From Computerworld Australia comes news that researchers at the University of Sydney have developed (and, sadly, patented) an algorithm that its inventors say will schedule jobs in a way that reduces energy use
The Energy Conscious Scheduling algorithm (ECS) has been patented by Young Choon Lee and Albert Zomaya at the university’s Centre for Distributed and High Performance Computing.
…ECS uses a processor’s dynamic voltage scaling (DVS) capability to map computational tasks to minimise completion time and energy use.
“Computations are typically comprised of interdependent tasks, so the need to wait for a parent task to complete can create slack and therefore wastage,” Zomaya said.
“When ECS is employed with the help of DVS capability, mapping decisions between processors, supply voltages, and tasks are streamlined to significantly lower the amount of energy required at any given time.”

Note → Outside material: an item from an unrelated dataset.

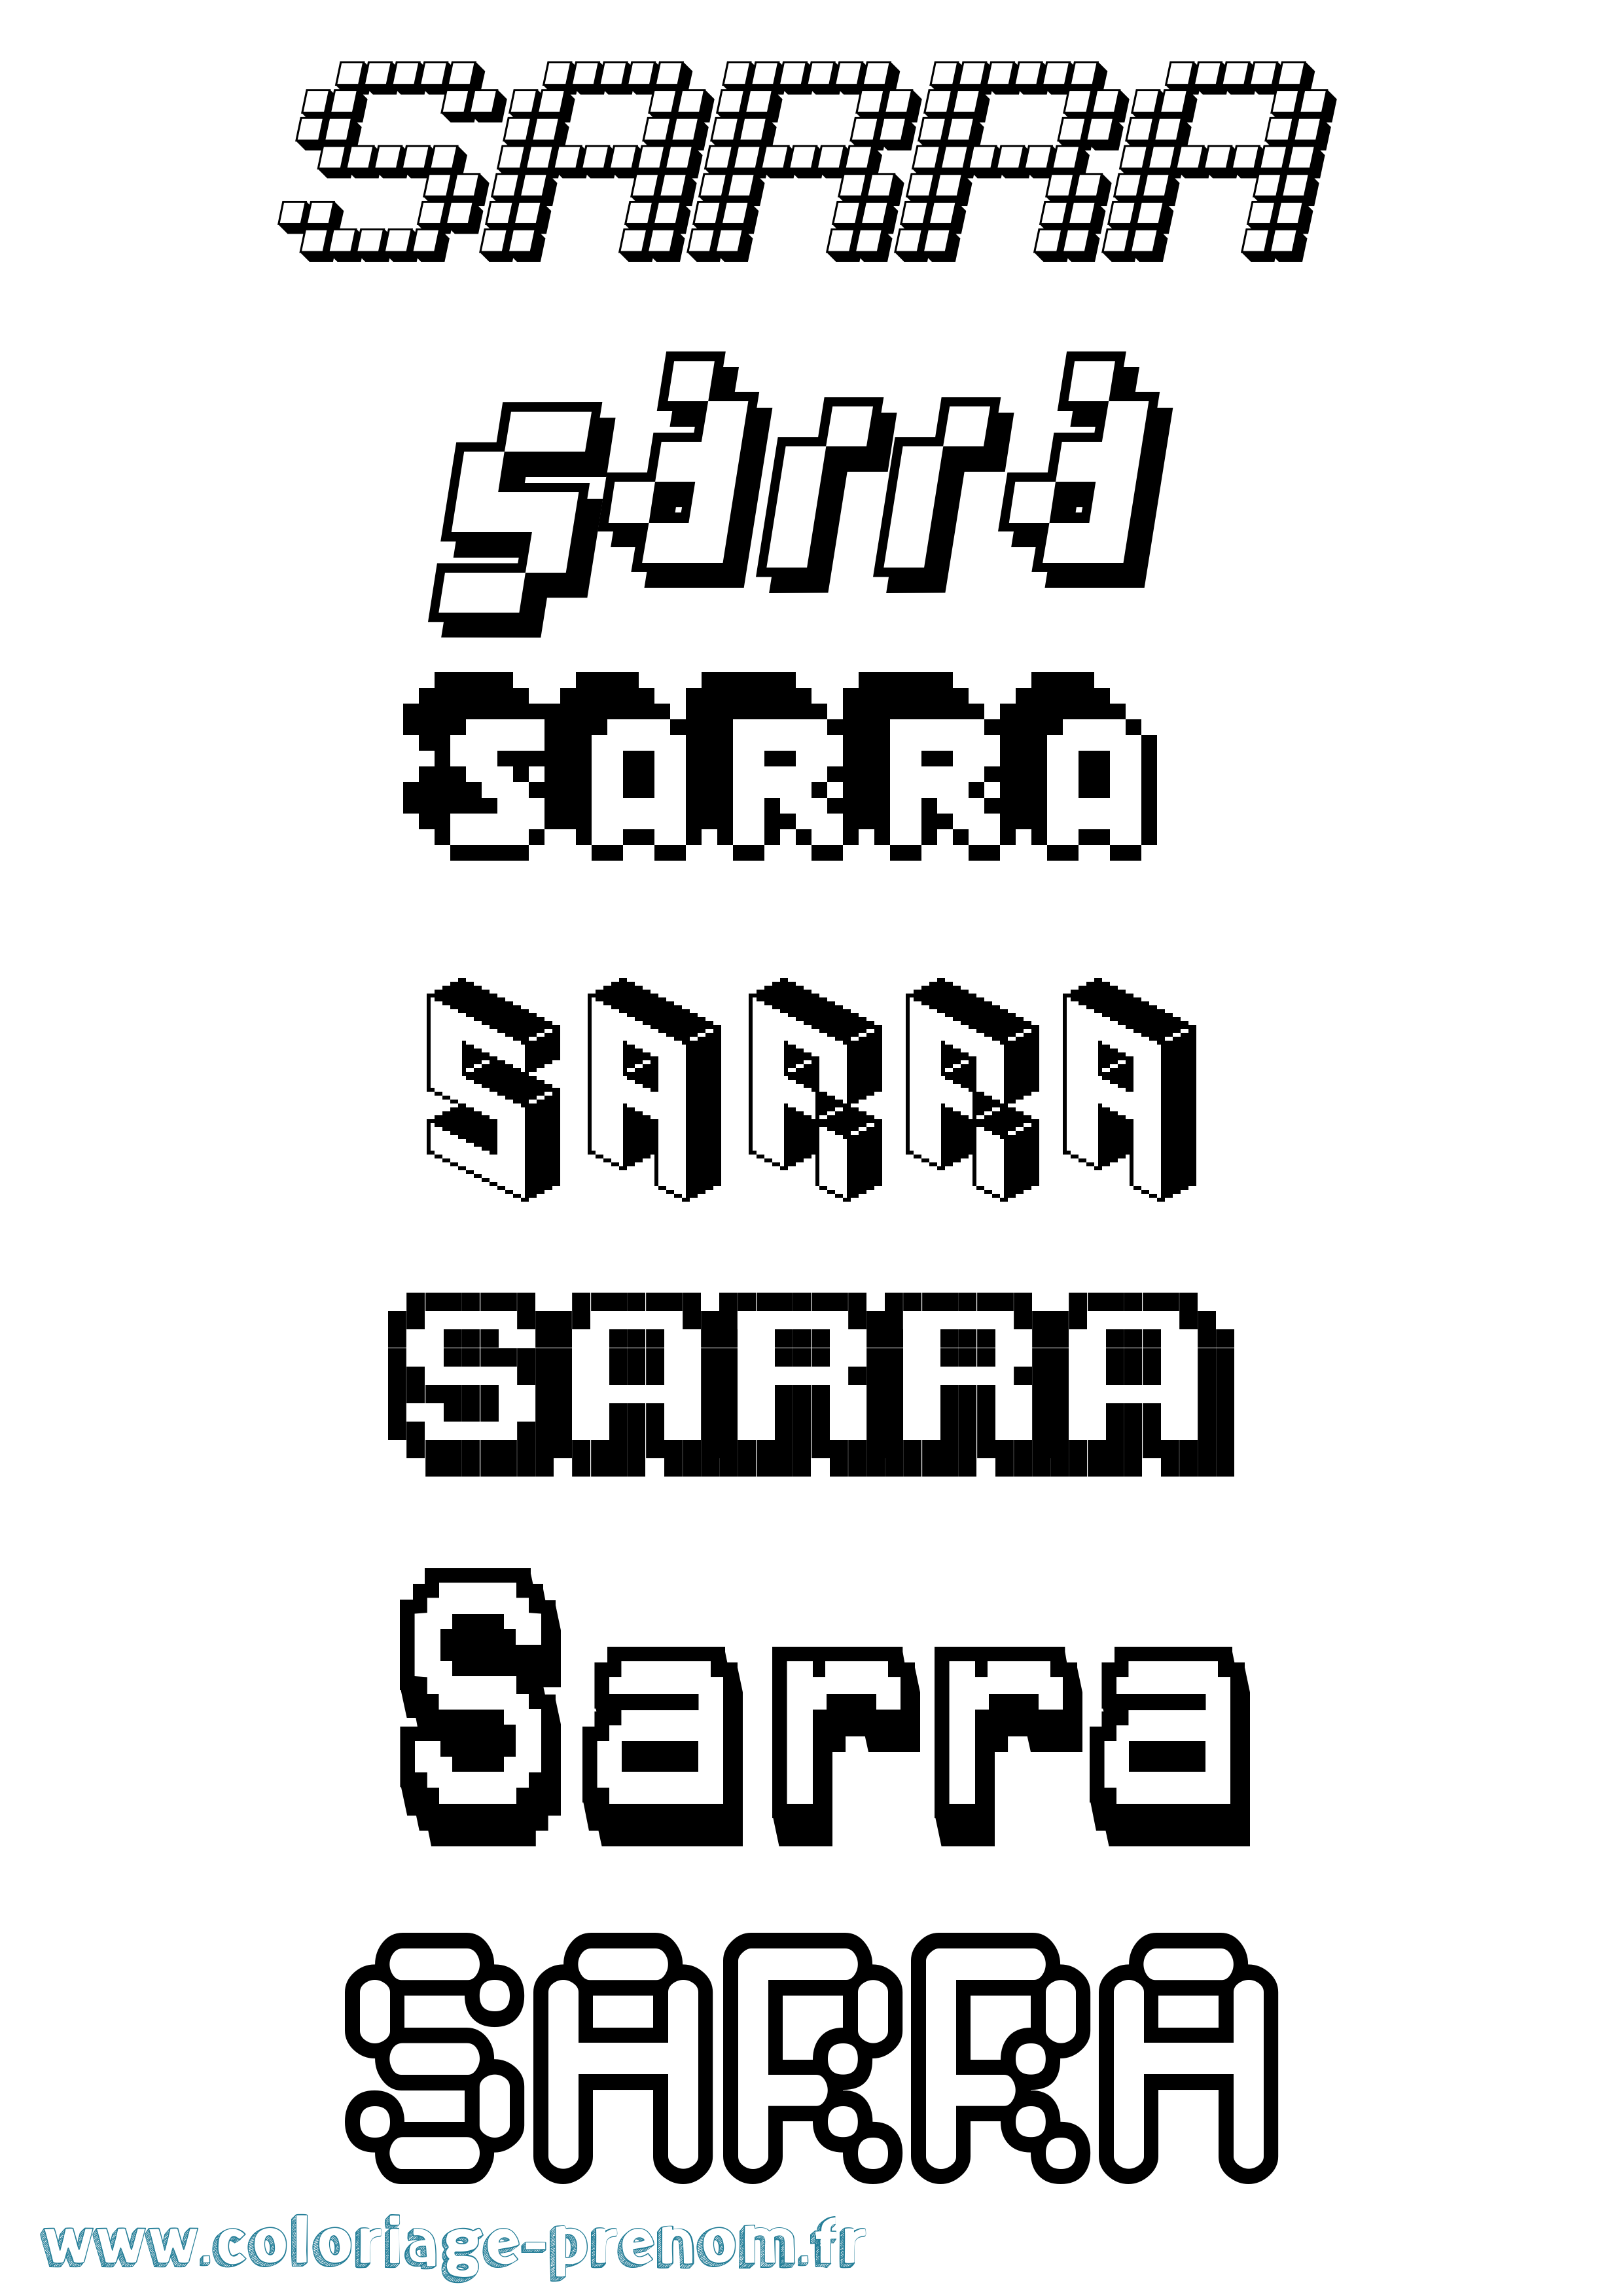 Coloriage prénom Sarra
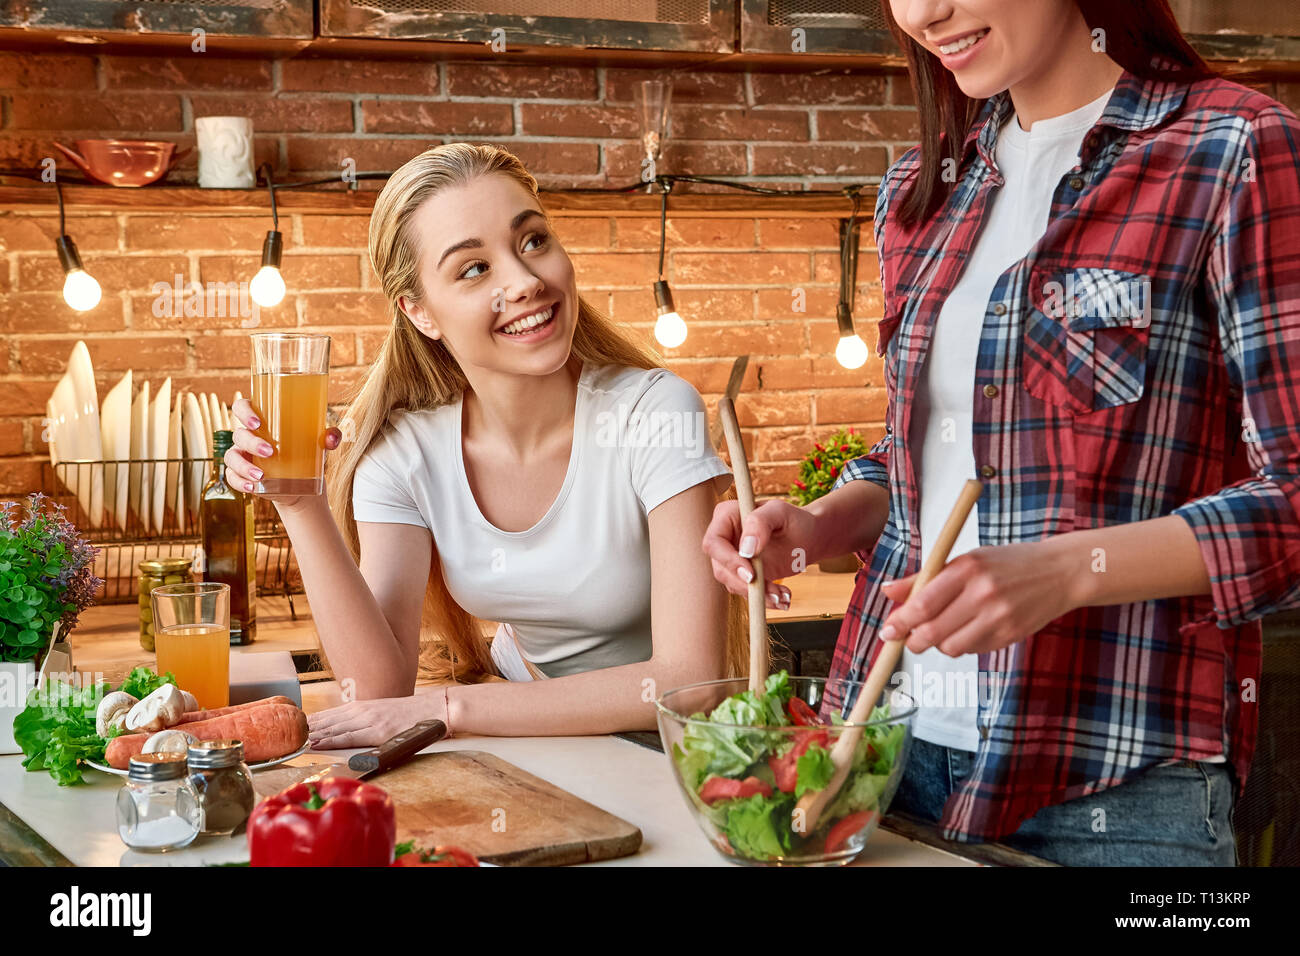 Porträt von zwei attraktive Frauen, Spaß zu haben, während der Vorbereitung Gemüse Salat. Sie sind voll in den Prozess einbezogen. Blonde Mädchen im weißen T-Shirt betrachtet ihren Freund mit einem Lächeln. Ihr dunkelhaarigen Freund in kariertem Hemd ist das Mischen von gehacktes Gemüse in eine Schüssel geben. Stockfoto

The researchers are claiming that the scheduler can cut up to half (I’ve seen the range 10-160 percent) of the energy consumption without impacting operations. Interesting if true. The ECS works as middleware, without modifying the hardware, application, or operating system, by mapping both the computational performance and energy consumption of the system on representative tasks and then using that to make decisions about job scheduling. One imagines that in order to create a map dense enough to make good decisions a lot of benchmarking would be needed, but of course some of the requisite datapoints could come from operational processing.
The trade press is a little light on details, but the authors published a paper in the proceedings of the 2009 9th IEEE/ACM International Symposium on Cluster Computing and the Grid. From the abstract of that paper
Jobs on high-performance computing systems are deployed mostly with the sole goal of minimizing completion times. This performance demand has been satisfied without paying much attention to power/energy consumption. Consequently, that has become a major concern in high-performance computing systems. In this paper, we address the problem of scheduling precedence-constrained parallel applications on such systems—specifically with heterogeneous resources—accounting for both application completion time and energy consumption. Our scheduling algorithm adopts dynamic voltage scaling (DVS) to minimize energy consumption. DVS can be used with a number of recent commodity processors that are enabled to operate in different voltage supply levels at the expense of sacrificing clock frequencies. In the context of scheduling, this multiple voltage facility implies that there is a trade-off between the quality of schedules and energy consumption. Our algorithm effectively balances these two performance goals using a novel objective function, which takes into account both goals; this claim is verified by the results obtained from our extensive comparative evaluation study.